Last time we met Sergeant James Hayes, his prosaic country life was complicated somewhat when he happened upon seven naked souls clawing their way out of their graves. Oh, and one of them was his late wife Kate. Series one of ABC's Glitch propelled us into the sergeant's knotty moral universe, as he attempted to juggle his two wives (one recent, one deceased), whilst battling to figure out why the seven had returned and what the dickens he should do with them all.
In the wake of its multi-award-winning first series, Glitch is back next month as a Netflix/ABC co-production. Smith Journal caught up with series director Emma Freeman on how she went about making a zombie series in the bush.
Despite the subject matter and premise, Glitch feels more like a grounded drama than your average zombie affair. How did you achieve that?
When I first read the scripts I thought: this could be a really heightened thriller or I could take a naturalistic approach. I wanted to push the genre elements aside and really earth the performances as much as I could, whilst still playing with those thriller elements. I wanted to believe every moment so I’d put myself in each situation. What if my grandma turned up? How would I feel? It was that very human emotion and connection that interested me.
Then it was a matter of creating the right space for those performances. For me as a director, my aim is to separate the machine and the business of filmmaking from the actors’ environment. I’m there to serve them and to get the best performance from them. We made sure the shot choice supports what the actors were doing, so they never felt like they were being forced into doing something and not connecting to the material. That’s when the work really sings, when you can create that space.
It sounds like you're a far cry from the stereotypical director then...
You grow up with the idea that the director is someone who shouts. I have totally the opposite approach. I want to be available and present and be creatively free. And I want an environment for the cast to be free to create as well. I think when people are putting themselves on the line to perform for you – I mean it’s such a privilege for me to have this front row experience – then the least I can do is be generous of spirit as well.
Talk us through your creative preparation for this series; what does your production office look like?
I spent a lot of time in pre-production exploring the main ideas of the visual style. If you see my office at ABC, I collect imagery, it’s the best way of communicating the lighting, the framing, the feel. That could be filmic references but equally it could be illustrations, photographs. I send everyone hundreds of images of the look I’m after for the show.
We developed that even further in series two, we pushed the darkness, the heat, ramping it all up a level. There’s also more tension in the camera – there are very few shots that aren’t moving.

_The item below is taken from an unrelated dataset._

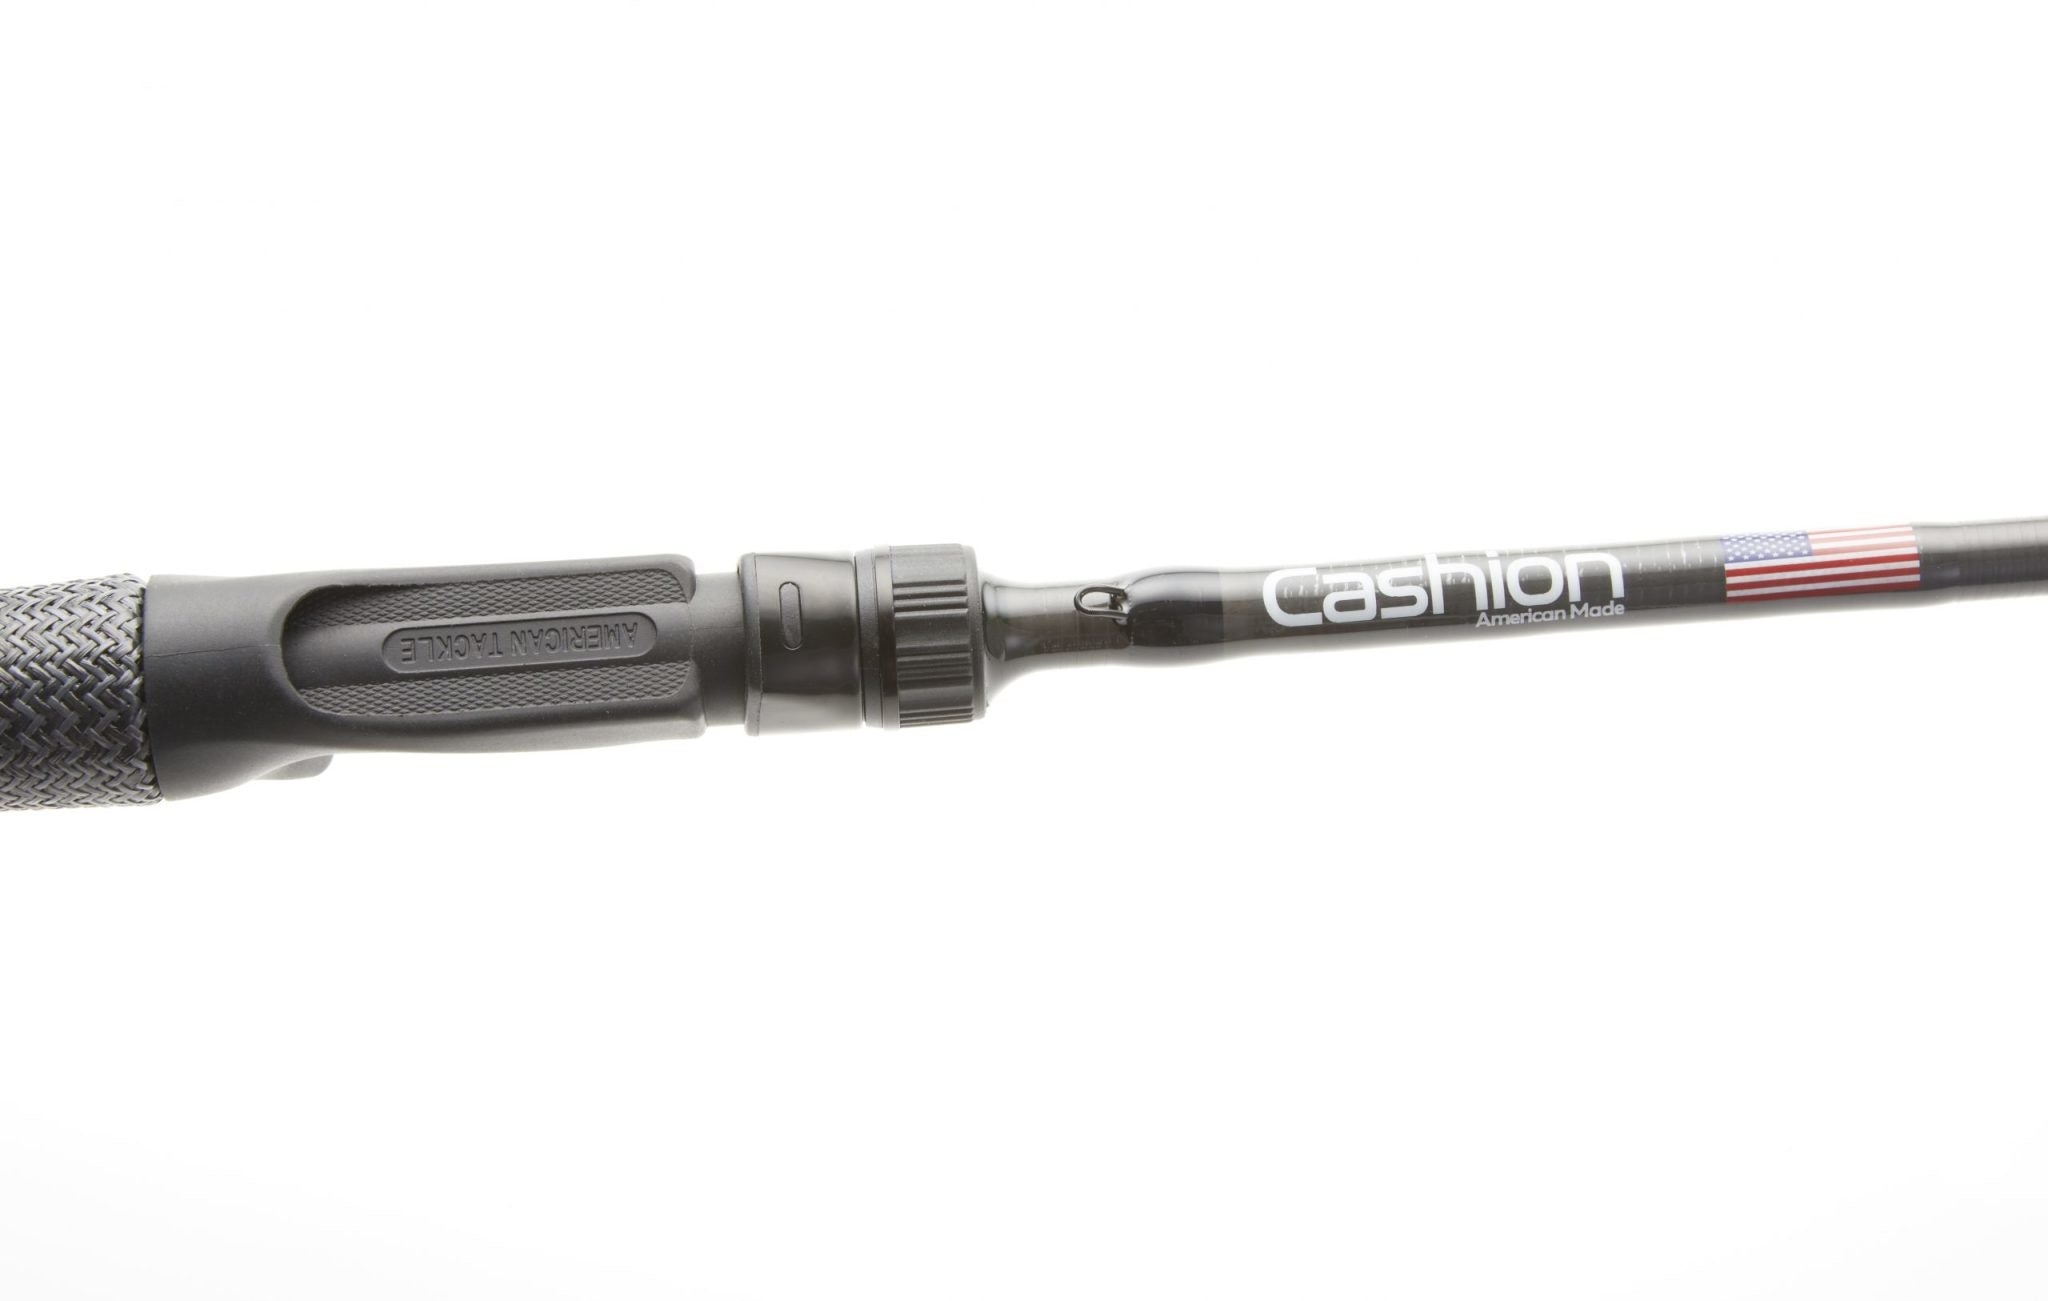 Cashion ICON Bait Finesse System Casting Rod - Hamilton Bait and Tackle

The Australian bush features as an important character in the series. Could you tell us about your creative decisions around the setting?
When I initially started talking to the producers, we thought it could be wintery pine trees, more of a North American/European gothic feel. But then I became really interested in the role of the Australian bush in this story. How it could be beautiful, harsh, hot, suppressive land, full of insects and overwhelming. The role of the landscape shifts throughout the series; it can be equally comforting and menacing and isolating.
The thing I also love in the series is heat. I got great inspiration from Peter Weir’s Picnic at Hanging Rock, even the role of animals, how nature responds to events. We built that into the soundscape too. In Craig Carter’s sound design you can hear the animals, birds, insects, the environment shifting.
You’ve been directing TV, including Offspring, Puberty Blues and Love My Way, for over 15 years now. How have you changed over that time?
I’ve directed nearly 100 hours of drama now, so my confidence has grown. I understand what I like, what I don’t like. I’ve become so in-tune with the process of filmmaking and my passion and love for it continues to grow as well.
I can approach my work with more vulnerability now, being open to learning and open to failing. That means I’m working from a place that feels a lot more fulfilling I guess.
What has directing taught you about life?
It goes to that idea of being present. Truthful. Available. Grounded. And being curious. For me, engaging in the world is a big part of being a director, of observing people, talking to people.
I feel like work and life are one thing. Being a director and living in the world is the one thing; I don’t really think I have a job, I am who I am, all the time.
Series two of Glitch starts on Netflix and ABC on Thursday September 14th and on Thursday November 28th internationally on Netflix. If you missed series one, the good folks at ABC iview are making it available from tonight, Thursday August 31st, so there’s time to catch up.